In October 2013, Basilea received marketing authorisation in twelve European countries, including Germany, for the distribution of the broad-spectrum antibiotic Ceftobiprole for the treatment of bacterial lung infections; in the following two years, the drug was gradually approved in other European countries and non-EU countries. Ceftobiprole has been approved in 32 countries and has been marketed in 21 countries since the end of 2023.

In 2020, Basilea sold the group headquarters in Basel to the pension fund of the Swiss bank UBS by way of a sale-leaseback and moved to its new headquarters in Allschwil in mid-2022. The gross proceeds from the sale amounted to around CHF 19 million before fees and transaction costs. In 2021, Basilea Pharmaceutica China Ltd. was sold to the US company PHT International. Basilea was previously active in oncological research, but withdrew from it at the beginning of 2022 and has since been focusing purely on anti-infectives. In 2023, Basilea acquired the rights to the antifungal drug Fosmanogepix from Pfizer.

By the end of 2023, Isavuconazole was commercialised in more than 70 countries, including the United States, most EU countries, China and Japan. Isavuconazole's total global sales in the twelve-month period between October 2022 and September 2023 amounted to CHF 406 million. This corresponds to growth of 22 per cent compared to the previous year.

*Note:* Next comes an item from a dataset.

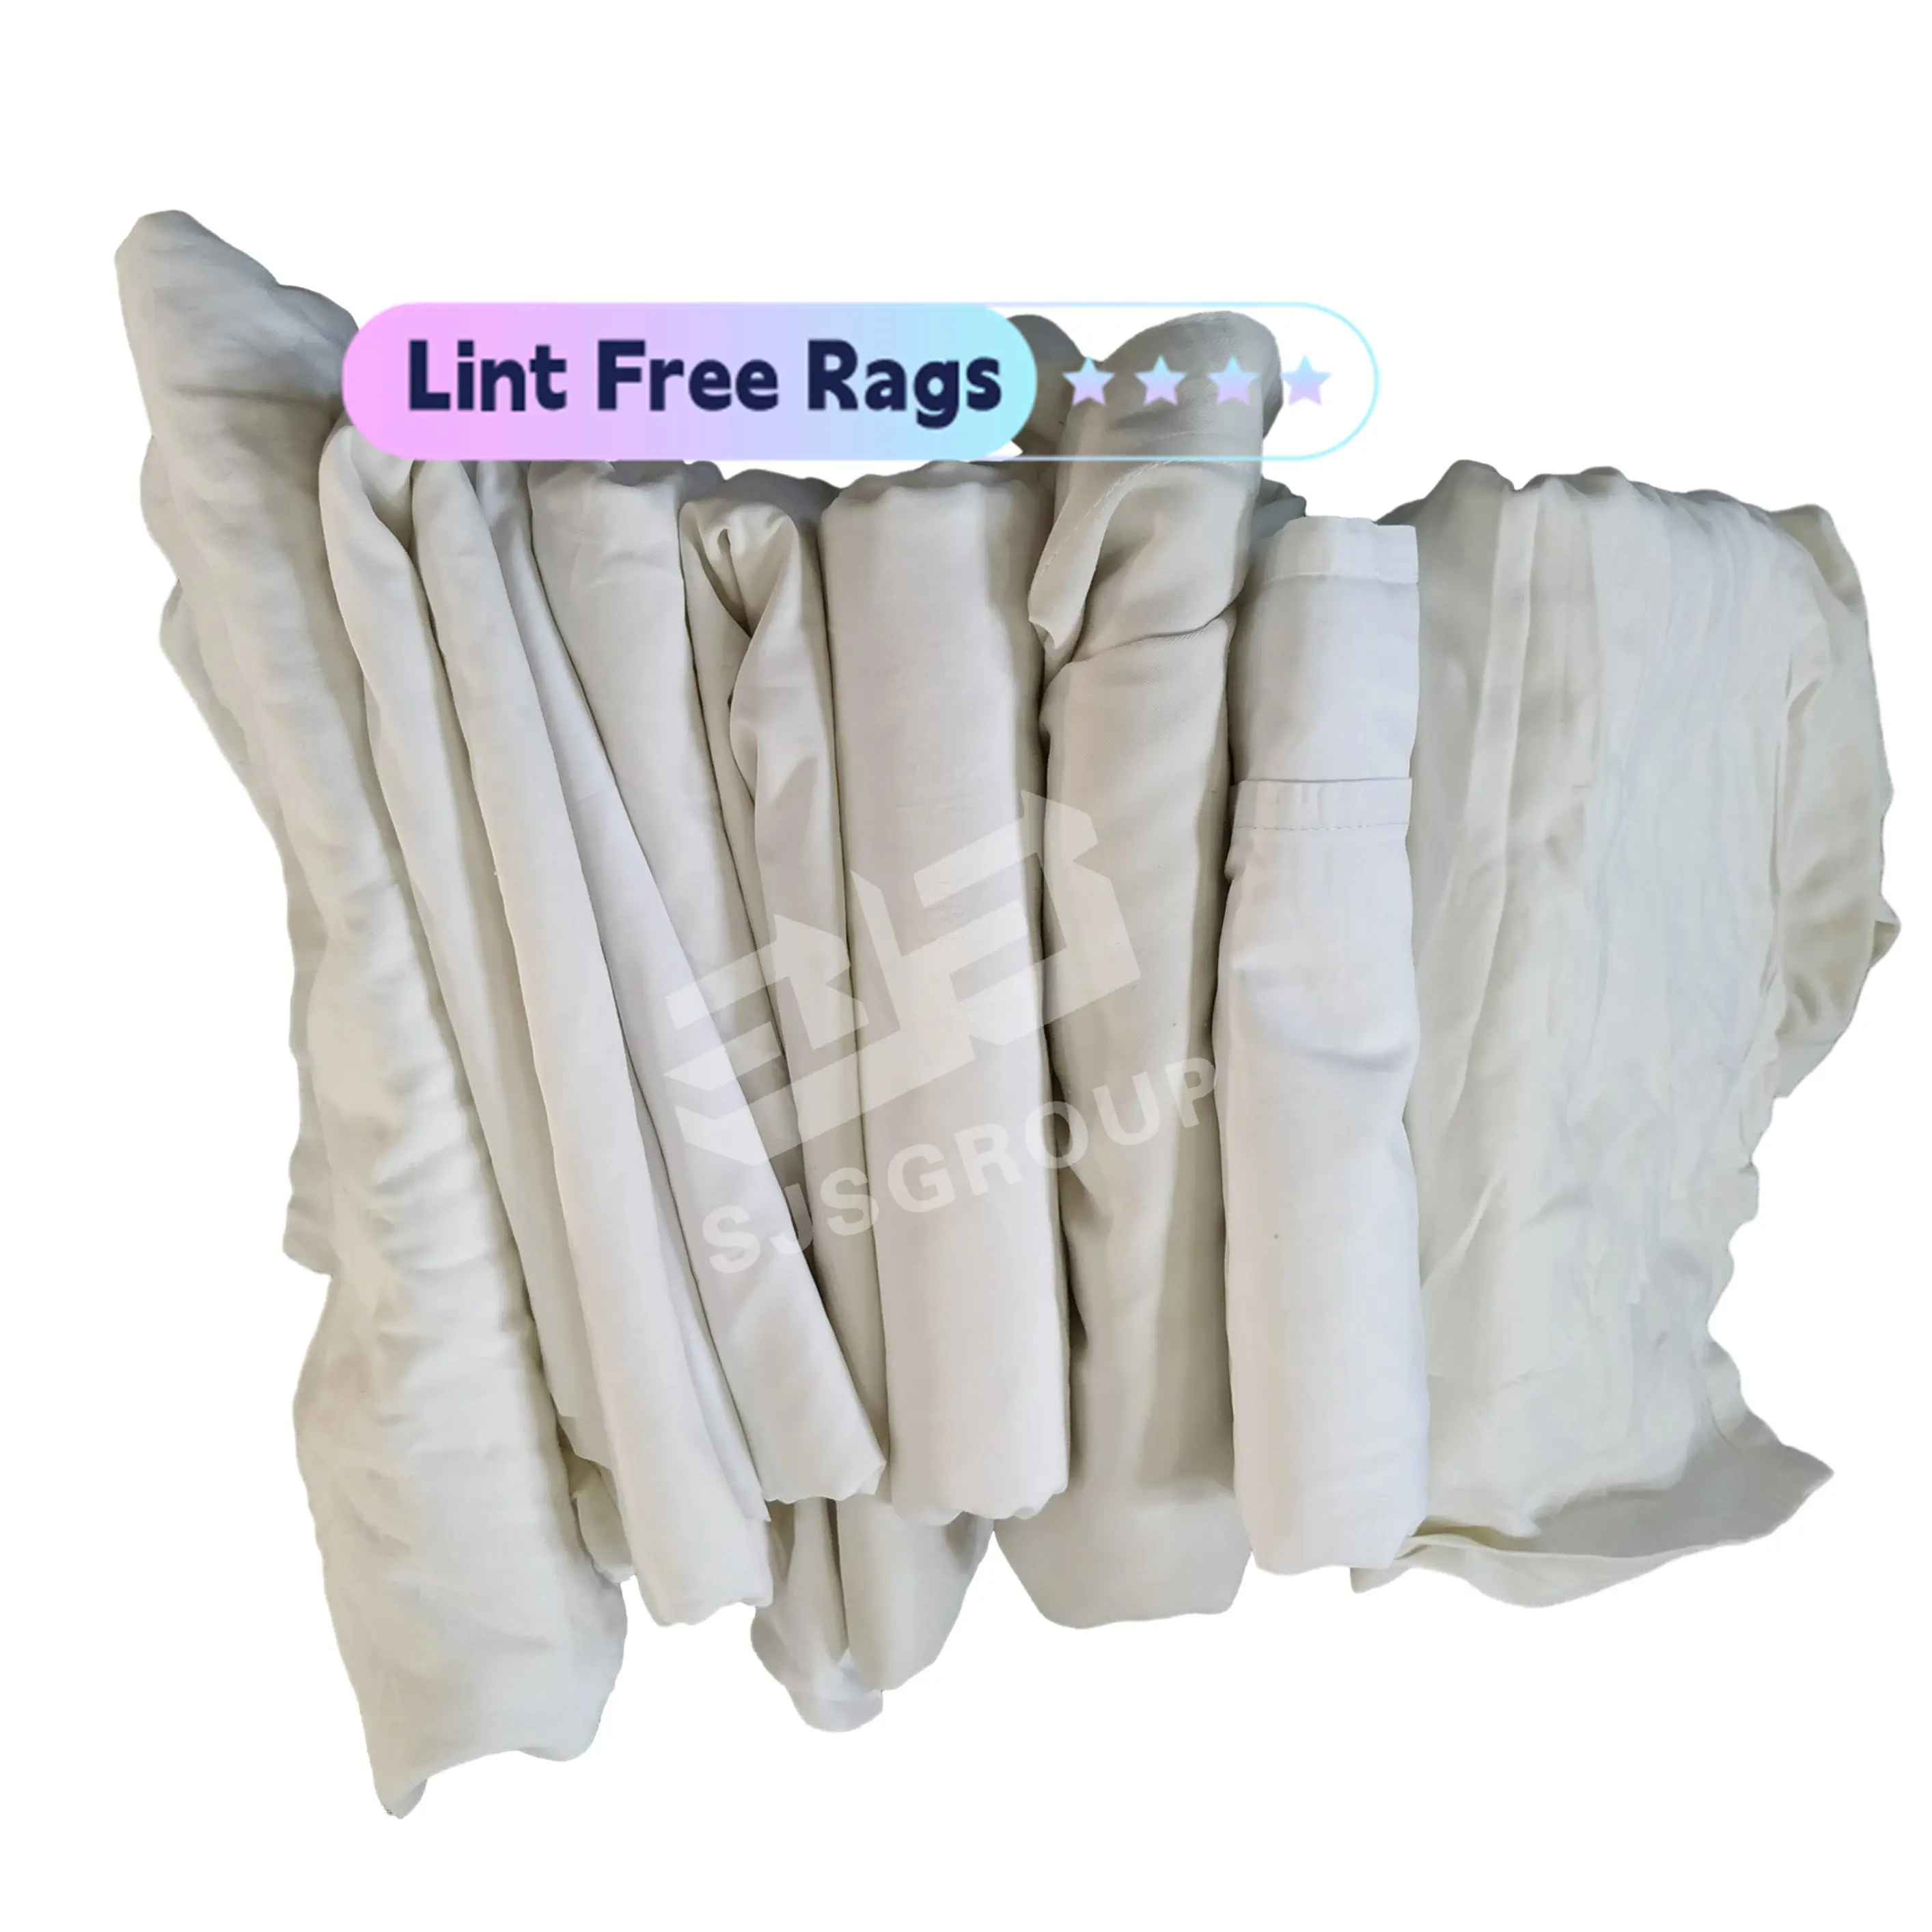 Trapos de láminas de corte de tamaño regular de alta absorción, pintura blanca de 10kg, bolsa de 8 libras de trapos de algodón blanco, 25 libras
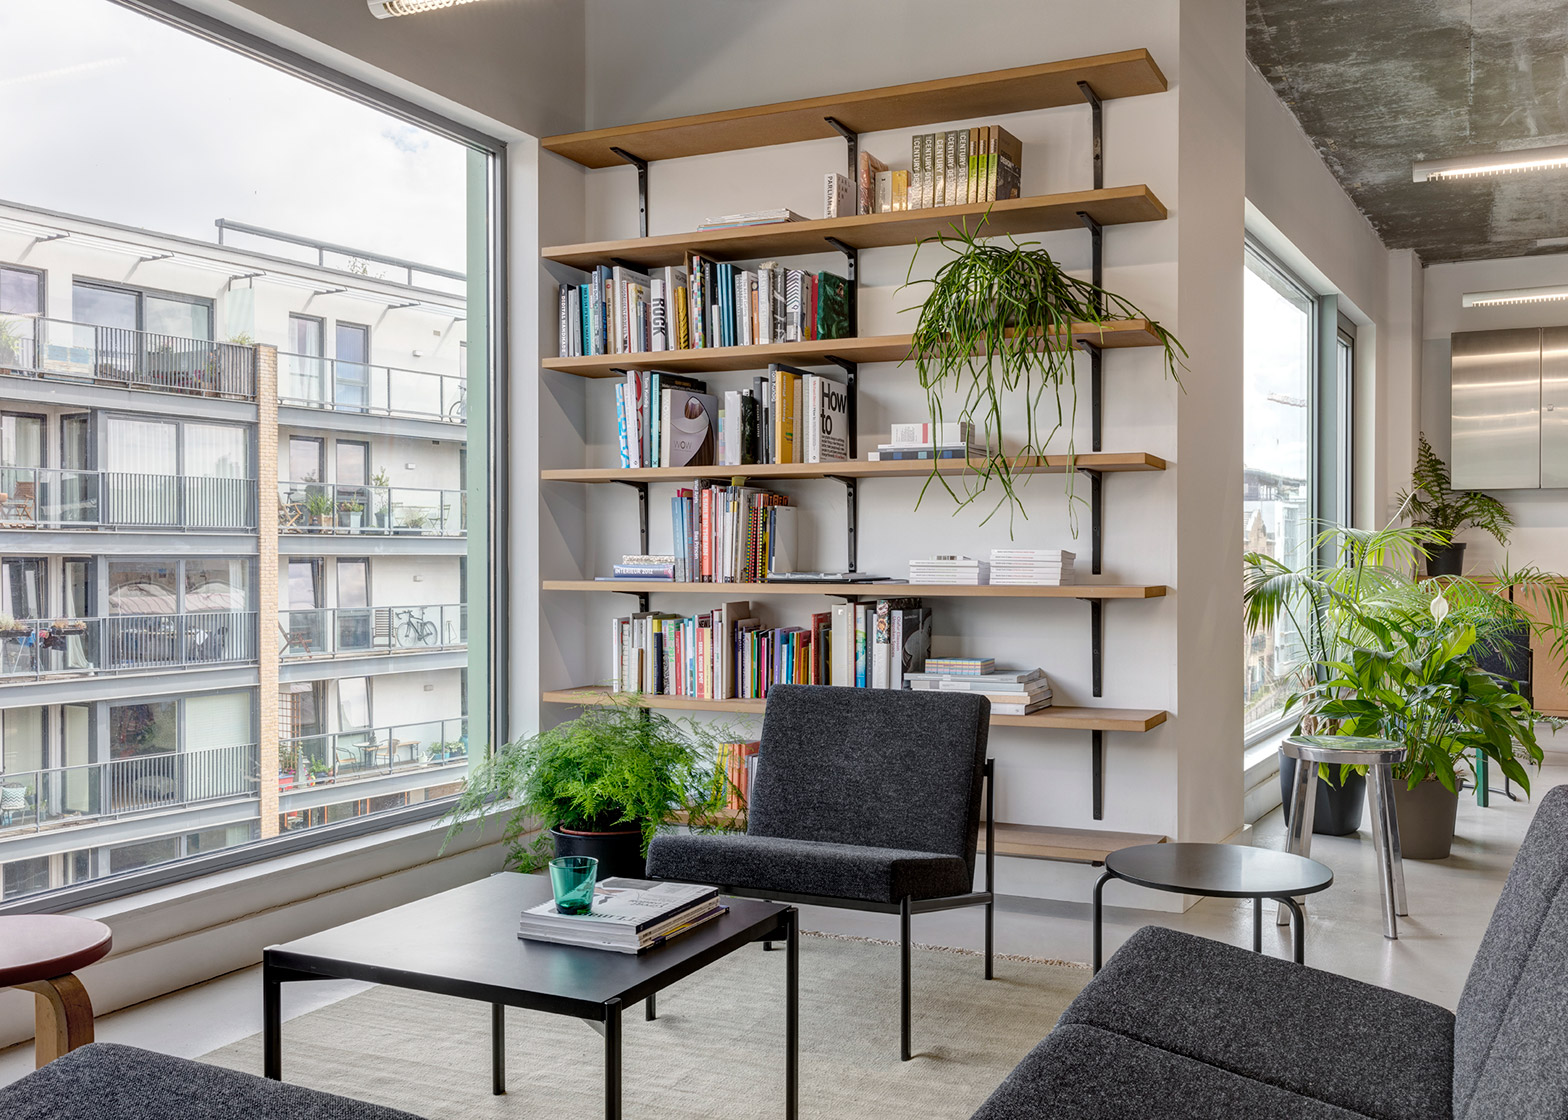 dezeen-office-pernilla-ohrstedt-interior-design-work-space-hoxton-london-shilouette-tables_dezeen_1568_15.jpg

In early April 2024, the US Food and Drug Administration (FDA) approved Ceftobiprole for the treatment of adults with Staphylococcus aureus bloodstream infections (bacteremia) and for adult patients with right-sided infective endocarditis. In addition, the FDA approved Ceftobiprole for the treatment of acute bacterial skin and skin structure infections in adult patients and in adult and pediatric patients aged three months to less than 18 years with community-acquired bacterial pneumonia (CAPB).

== Corporate structure ==
In the financial year 2023, Basilea Pharmaceutica AG, Allschwil generated company sales of CHF 157.6 million and employed 147 people. Since the 2022 financial year, Basilea has consistently been generating operating and net profits.

In addition to its headquarters in Allschwil, Switzerland, Basilea is represented by subsidiaries in the UK and Germany.

Basilea cooperates with licence and distribution partners in over 100 countries.

== Products ==
The company's research and development activities are focused on drugs for the treatment of severe, resistant bacterial infections and life-threatening, invasive fungal diseases.

Basilea's products are aimed at diseases that have so far been insufficiently treatable. The company markets the following products exclusively through licence and distribution partners:

Ceftobiprole (trade name Zevtera/Mabelio) is a broad-spectrum antibiotic administered intravenously for community-acquired pneumonia (CAP) and hospital-acquired pneumonia (HAP) in adults. It has an active effect against the bacterium Staphylococcus aureus (MRSA), including methicillin-resistant strains, and against penicillin-resistant Streptococcus pneumoniae (PRSP) bacteria, as well as against gram-negative pathogens such as Enterobacteriaceae.

Isavuconazole (trade name Cresemba) is an intravenous and oral antifungal agent for the treatment of patients with invasive aspergillosis and invasive mucormycosis.

While Astellas is responsible for the commercialisation of Cresemba in the USA, the pharmaceutical group Pfizer covers the commercialisation in most of Europe and also distributes Cresemba in China and the Asia–Pacific (APAC) area. Basilea's distribution partner in the MENA region is Hikma Pharmaceuticals LLC; Knight Therapeutics Inc. commercialises the antifungal Cresemba in South America.